To exclude the case when the generator is a 1-step or a (len(scale) − 1)-step, the modifier non-step can be used.
Given a choice of equave E and a GS S = GS(x1, ..., xr), a refinement of S is a generator sequence GS(w1, ..., wr) where each wi is a sequence of k = k(i) intervals, yi1, ..., yik, where yi1 + ... + yik ≡ xi modulo E. If k does not depend on i, call the refinement uniform. For instance, the GS for Zil, GS(8/7, 7/6, 8/7, 7/6, 8/7, 7/6, 8/7, 189/160, 8/7, 7/6) is a uniform refinement of GS(4/3, 4/3, 4/3, 27/20, 4/3), which generates Zarlino.
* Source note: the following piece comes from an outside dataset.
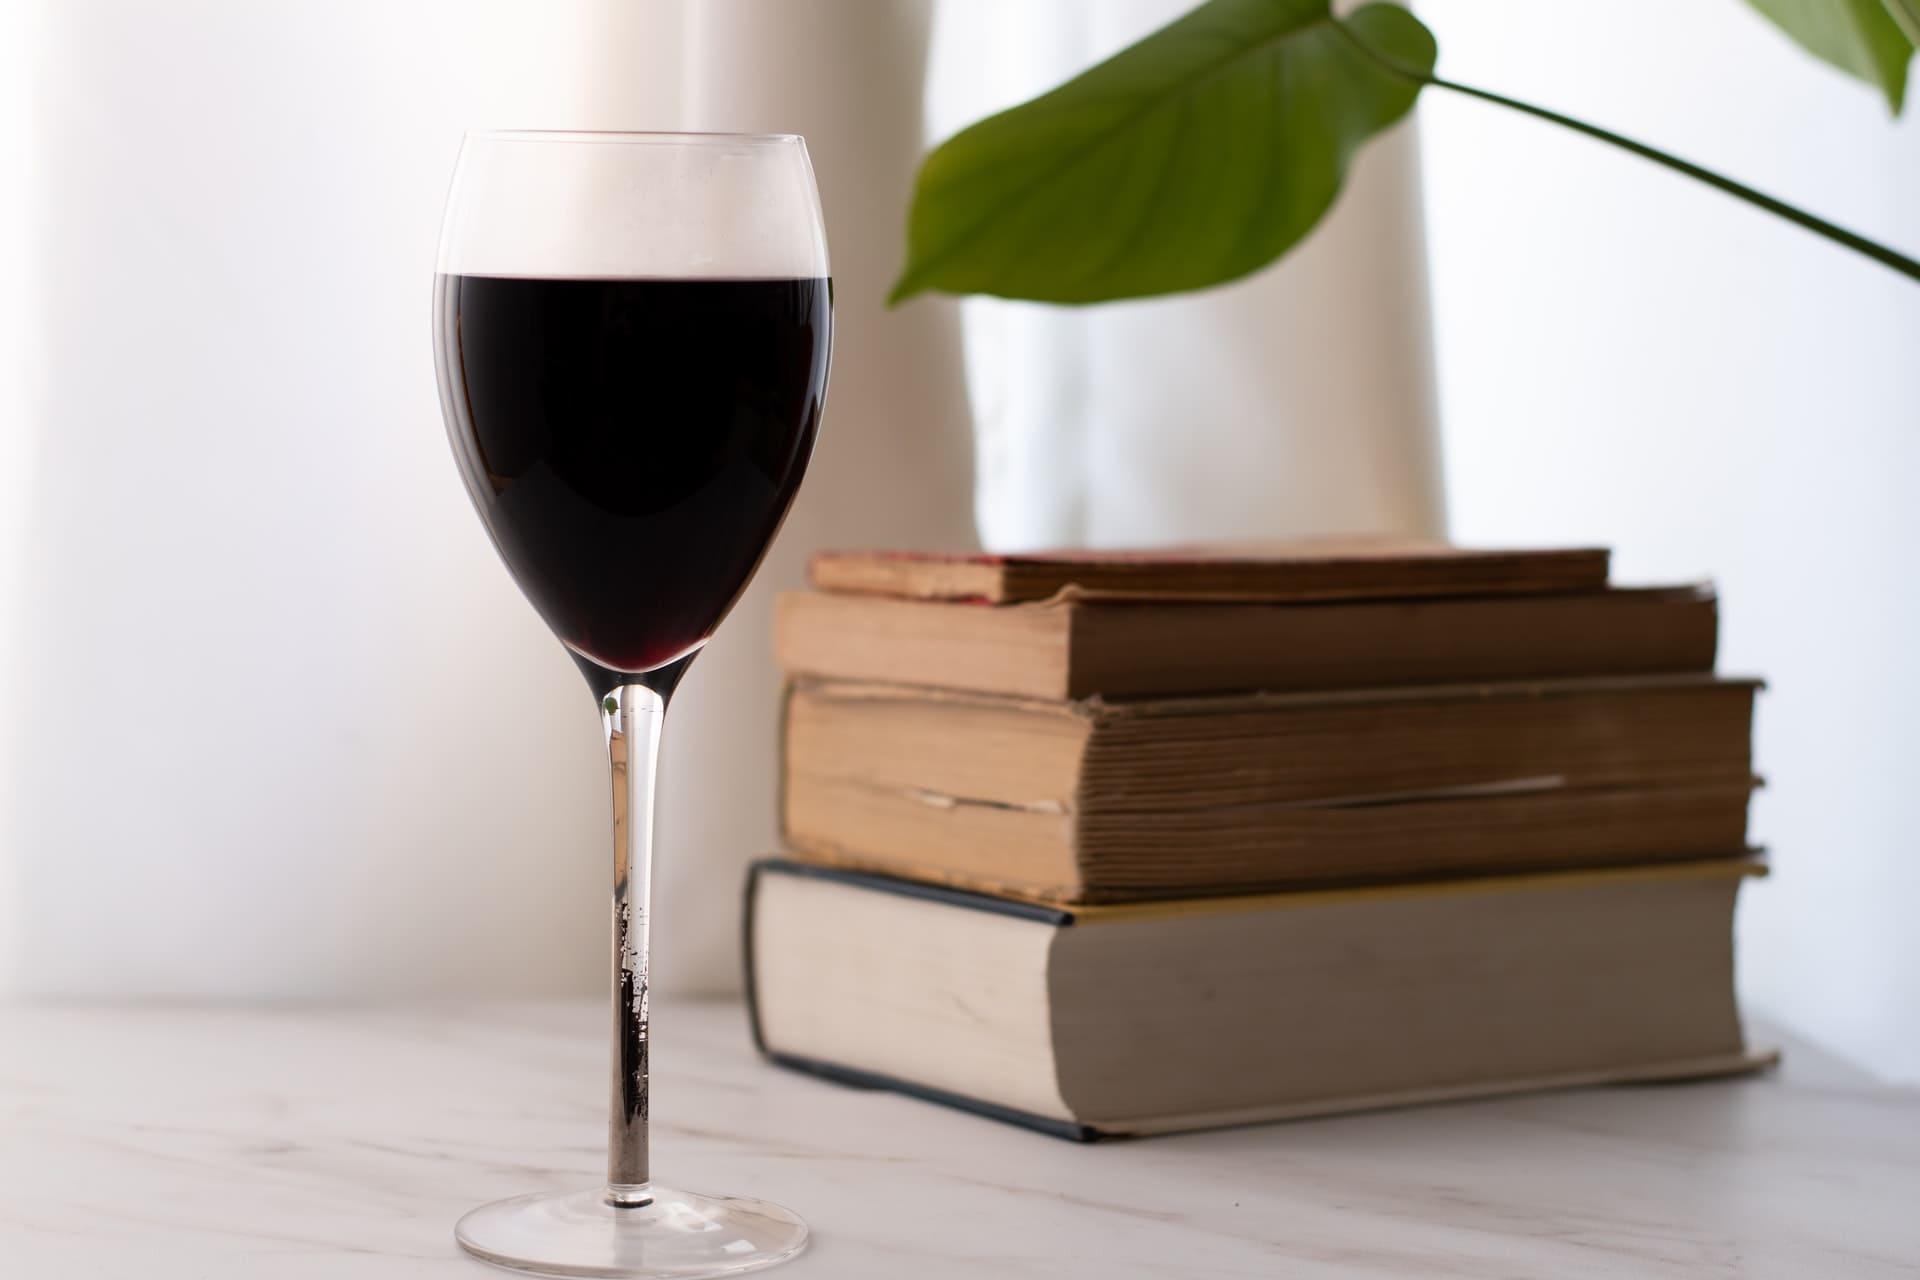 Titelbild: Jeden Tag ein Glas Wein

Series arising from well-formed generator sequences
Only CS sizes at least 5 are listed.
- The Zarlino series, AGS(5/4, 6/5): 5, 7, 10, 17, 24, 41, 65
- Other scales with the same AGS structure of two thirds adding up to 3/2 share the same CS sizes, including undecimal Zarlino (AGS(11/9, 27/22)), and Neogothic Zarlino (AGS(14/11, 13/11) with 364/363 tempered), although the latter may break at higher sizes depending on how the intervals are tuned.
- The Tas/diasem series, AGS(7/6, 8/7): 5, 9, 14, 19, 24, 29
- The Tri-Stone series, AGS(3/2, 14/9): 5, 8, 13, 18
- The Zil series, AGS(8/7, 7/6, 8/7, 7/6, 8/7, 7/6, 8/7, 189/160, 8/7, 7/6): 5, 9, 14, 19, 24
- The Porcusmine series, AGS(9/5, 50/27): 5, 6, 7, 8, 15, 23, 38, 61, 99
- An unnamed 5-limit Mavila detemper, AGS(3/2, 3/2, 64/45): 5, 7, 9, 16, 25
- The Rhombi series, AGS(14/9, 11/7, 52/33, 81/52): 5, 8, 11, 14, 17, 31, 48, 65
- The Dwyn series: AGS(25/24 21/20 22/21 23/22 24/23 21/20 22/21 23/22 24/23): 15, 16, 31, 46
- AGS(13/11, 16/13, 77/64, 13/11, 16/13, 33/28): 7, 11, 15, 19
- AGS(7/5, 19/14, 80/57)
- AGS(19/14, 51/38, 23/17, 63/46, 19/14, 51/38, 23/17, 896/621)
- AGS(10/9, 11/10, 12/11)
- AGS(10/9, 11/10, 12/11, 10/9, 11/10, 12/11, 10/9, 11/10, 189/176)
Conjectures about AGS scales
- Let n be the length of a constant structure well-formed AGS scale S with equave E. Then n is the cardinality of an E-equivalent primitive MOS generated by the guide generator of S.